Schools: a new front for social justice?
For many years, the battle to be progressive in education inhered in the institution of the school itself and the knowledge it taught. Progressives were often those who saw that education for all should amount to more than job training for the masses and academic knowledge for the privileged few. It was simple to understand: do you want your school to be academic or vocational? Do you want to understand Plato’s thought about justice and Newton’s thought about matter? Or do you want to be trained up to ‘do the job’? Justice, for the student, was something they studied and read about in books, if they were lucky enough to have serious teachers. Otherwise, students learned on the job, or on the streets.
A subtle shift has taken place in the past few years, however, whereby a more purposeful idea has come to dominate the thinking of many educationalists: social justice. In its myriad guises over recent decades, the progressive case has shifted its gaze from academic knowledge for all to social inclusion, social mobility and now social justice as an educational aim in itself.

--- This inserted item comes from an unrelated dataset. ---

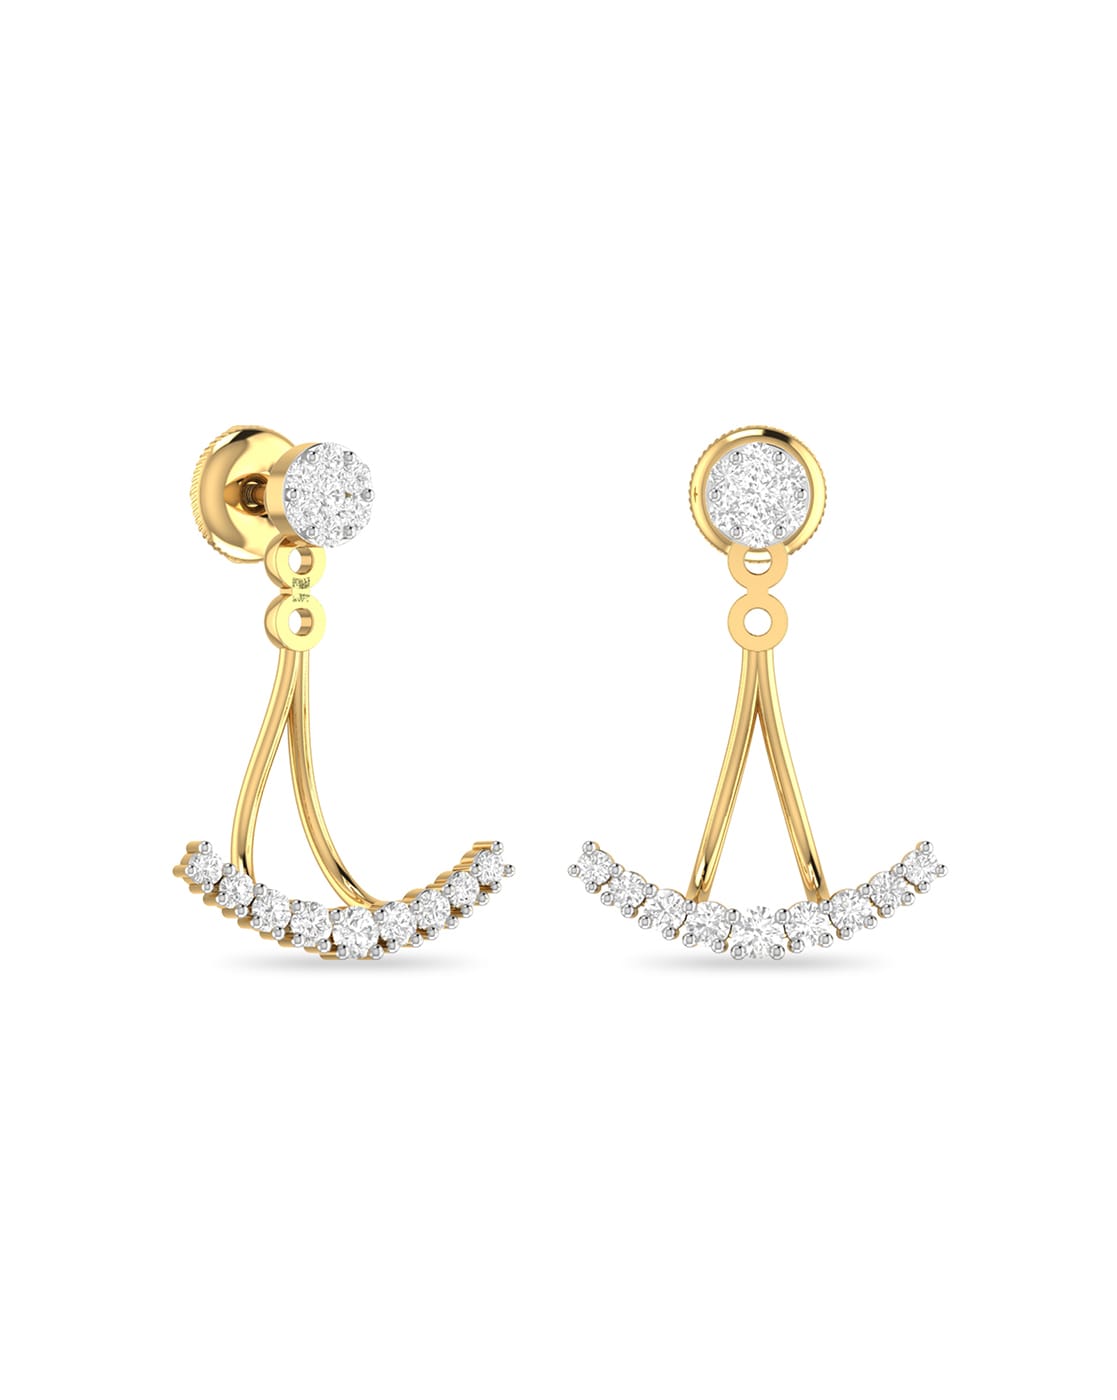 Gold  Diamond Earrings Online  Buy Latest Designs at best price  PC  Jeweller
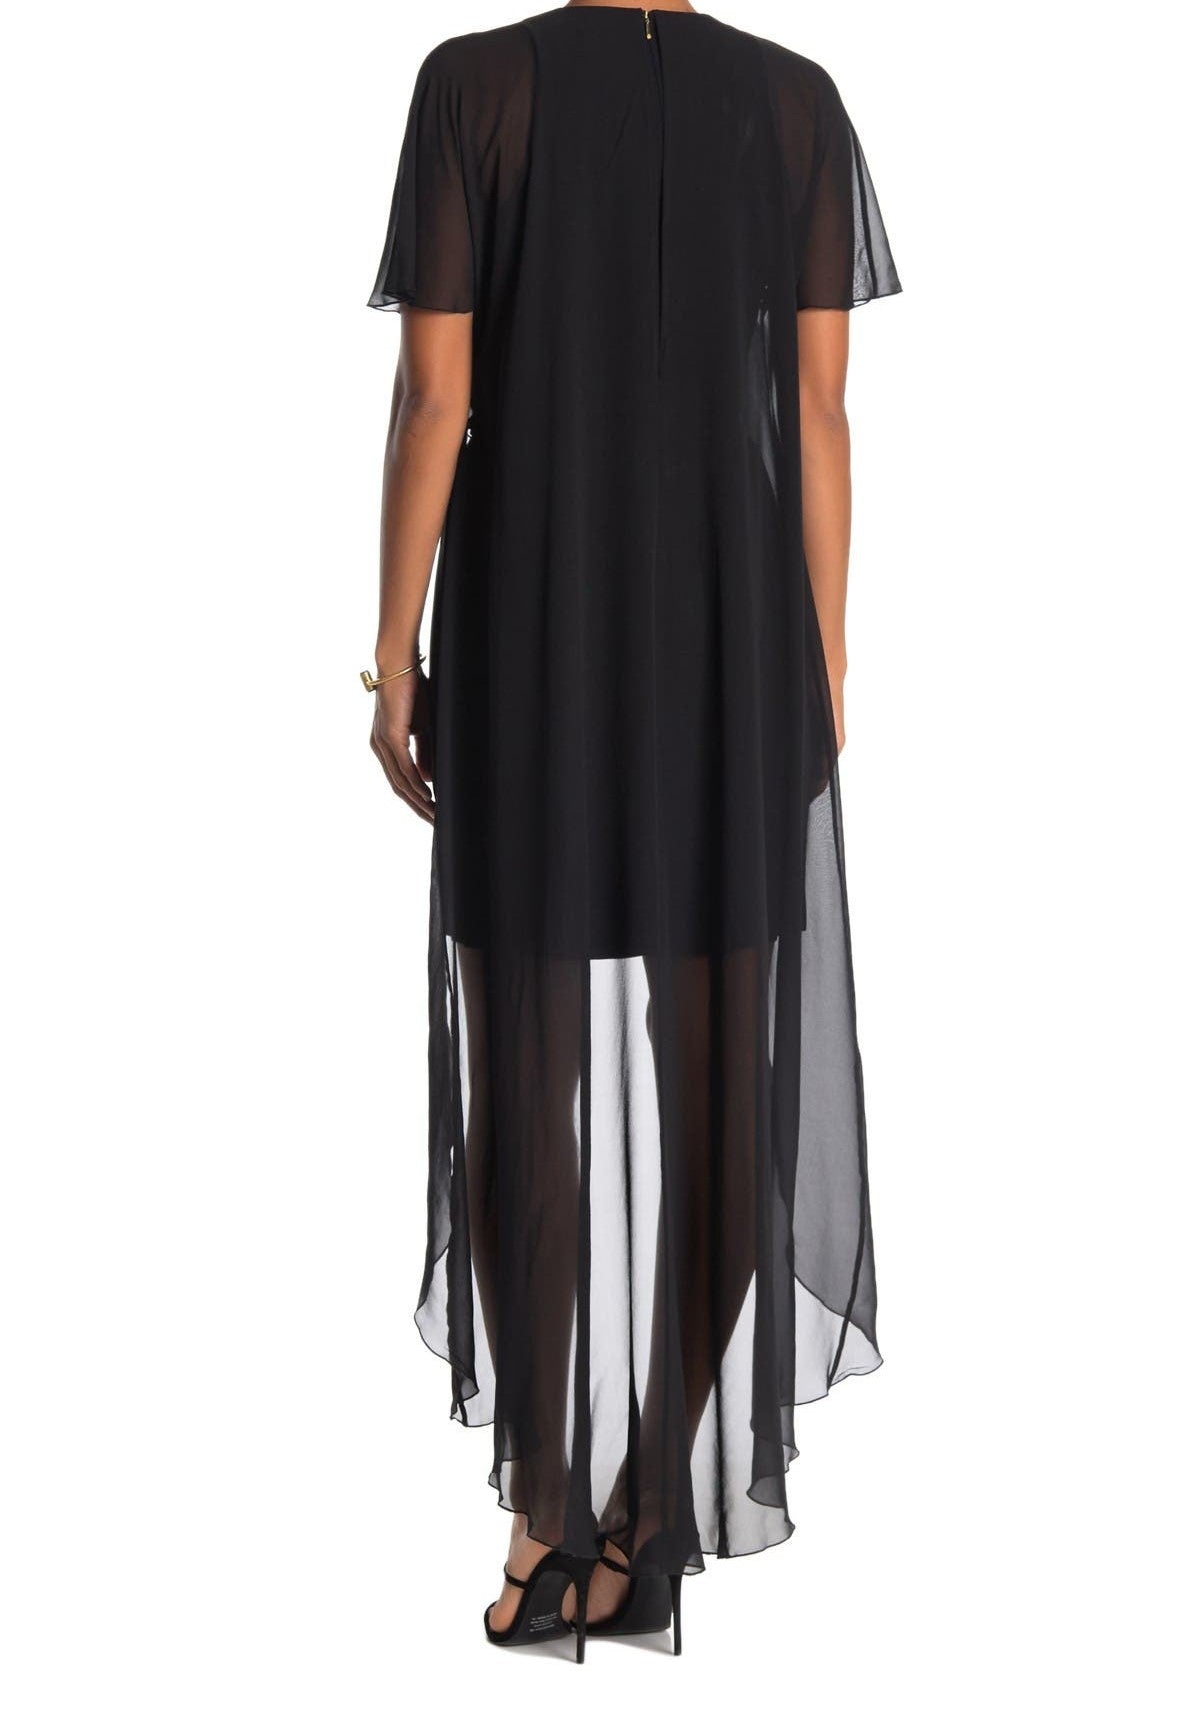 Trina Turk Capote Overlay Dress - Size 8

With such social – rather than educational – outcomes as the desired end game, we have witnessed remarkable shifts in the leading ideas in education. Educationalists and teachers now often talk about assessment, not examination; about outcomes, not knowledge; about disadvantage, not elitism; and about identity rather than achievement. In short, the need for students to feel equal is perceived to be more important in their education than the actual equality of opportunity and knowledge they acquire. In other words, they won’t so much learn about justice – whether via studying literature, sociology, politics, history – as be judged by whether they themselves have achieved social mobility or become ‘social justice warriors’.
Social justice has even acquired some useful sidekicks, such as social pedagogy, to ensure that the medium fits the message. To its supporters, social justice sounds like the last leg of an educational journey towards liberation. But is it so clear? Does social justice mean schools have finally shaken off the shackles of the old ‘dead white male’ curriculum? Does social justice mean that all pupils can really now be educated? Or is something else happening to the meaning of education when we justify it through the social justice lens? Should we apply social justice to education or read about it in books instead?